КАКАЯ СИЛА ТОЛКАЕТ ПИСАТЕЛЯ

К ПЕЧАЛЬНОЙ РАЗВЯЗКЕ?

Я надеюсь, что расследование, проведенное Шерлоком Холмсом и Уотсоном, помогло вам понять, почему писатель, оттолкнувшись от какого-нибудь реального жизненного факта или события, никогда не воспроизводит этот факт или событие в точности, всегда вносит в историю, взятую из жизни, какие-то иногда очень большие и важные – изменения. Довольно часто эти изменения кардинальным образом меняют весь смысл этой выхваченной прямо из жизни истории.

А теперь я позволю себе предложить вашему вниманию еще одну жизненную историю, из которой вырос хорошо вам знакомый художественный сюжет.

ИЗ КНИГИ П В. АННЕНКОВА

"ВОСПОМИНАНИЯ И КРИТИЧЕСКИЕ ОЧЕРКИ"

Однажды при Гоголе рассказан был канцелярский анекдот о каком-то бедном чиновнике, страстном охотнике за птицей, который необычайной экономией и неутомимыми, усиленными трудами сверх должности накопил сумму, достаточную на покупку хорошего лепажевского ружья рублей в 200 (асс.). В первый раз, как на маленькой своей лодочке пустился он по Финскому заливу за добычей, положив драгоценное ружье перед собой на нос, он находился, по его собственному уверению, в каком-то самозабвении и пришел в себя только тогда, как, взглянув на нос, не увидел своей обновки. Ружье было стянуто в воду густым тростником, через который он где-то проезжал, и все усилия отыскать его были тщетны. Чиновник возвратился домой, лег в постель и уже не вставал: он схватил горячку. Только общей подпиской его товарищей, узнавших о происшествии и купивших ему новое ружье, возвращен он был к жизни, но о страшном событии уже не мог никогда вспоминать без смертельной бледности на лице...

Все смеялись анекдоту, имевшему в основании истинное происшествие, исключая Гоголя, который выслушал его задумчиво и опустил голову. Анекдот был первой мыслью чудной повести его "Шинель", и она зародилась в душе его в тот же самый вечер.

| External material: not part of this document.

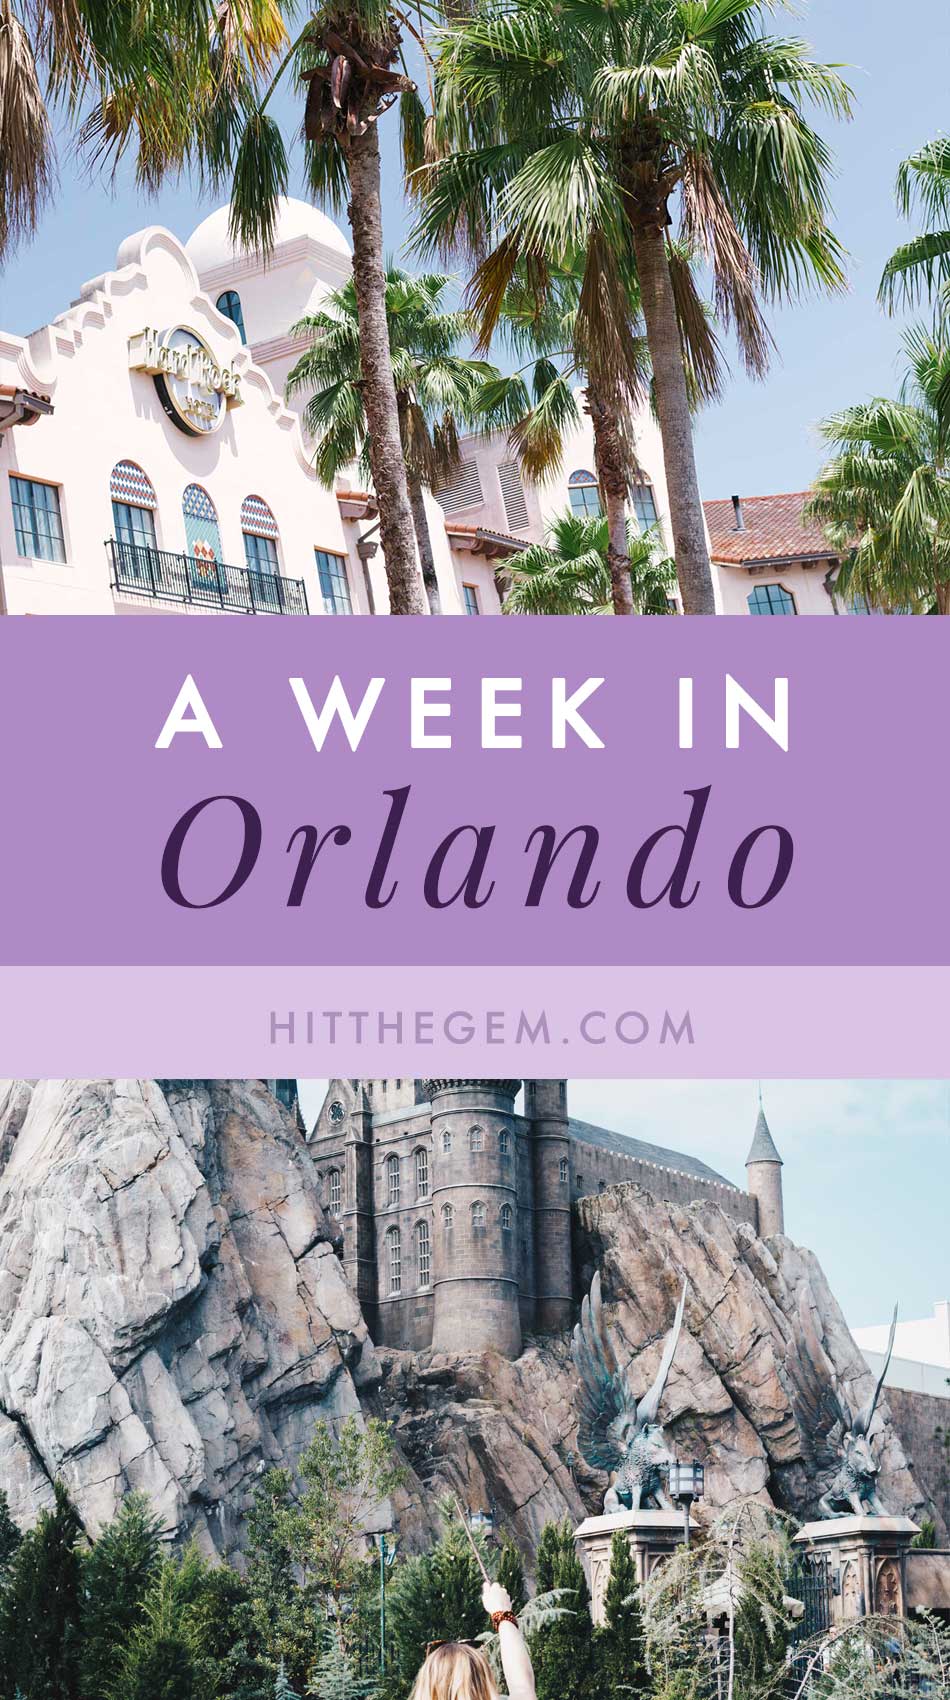 Orlando, Florida is definitely a popular vacation spot, but with so much to do, it can be difficult to plan. I thought it would be fun to share the details of my week-long Orlando vacation to offer some tips and advice about what is and possibly isn't worth visiting. One thing's for sure: you need to visit Orlando!

Коренное отличие сюжета гоголевской повести от этого забавного "канцелярского анекдота" наверняка сразу бросилось вам в глаза. И дело тут, конечно, не только в том, что вместо лепажевского ружья ценой в 200 рублей ассигнациями у гоголевского Акакия Акакиевича пропадает шинель – вещь гораздо более необходимая для его повседневного существования, чем ружье. Главное отличие в том, что "анекдоту, имевшему в основании истинное происшествие" все смеялись, а над повестью Гоголя не смеяться хочется, а плакать.

Помимо этого, коренного отличия, вы наверняка обнаружите в повести Гоголя еще и другие подробности, детали и сюжетные повороты, благодаря которым смешной "канцелярский анекдот" преобразился в трагическую повесть, положившую начало целому направлению русской литературы. ("Все мы вышли из "Шинели" Гоголя", – сказал Достоевский.)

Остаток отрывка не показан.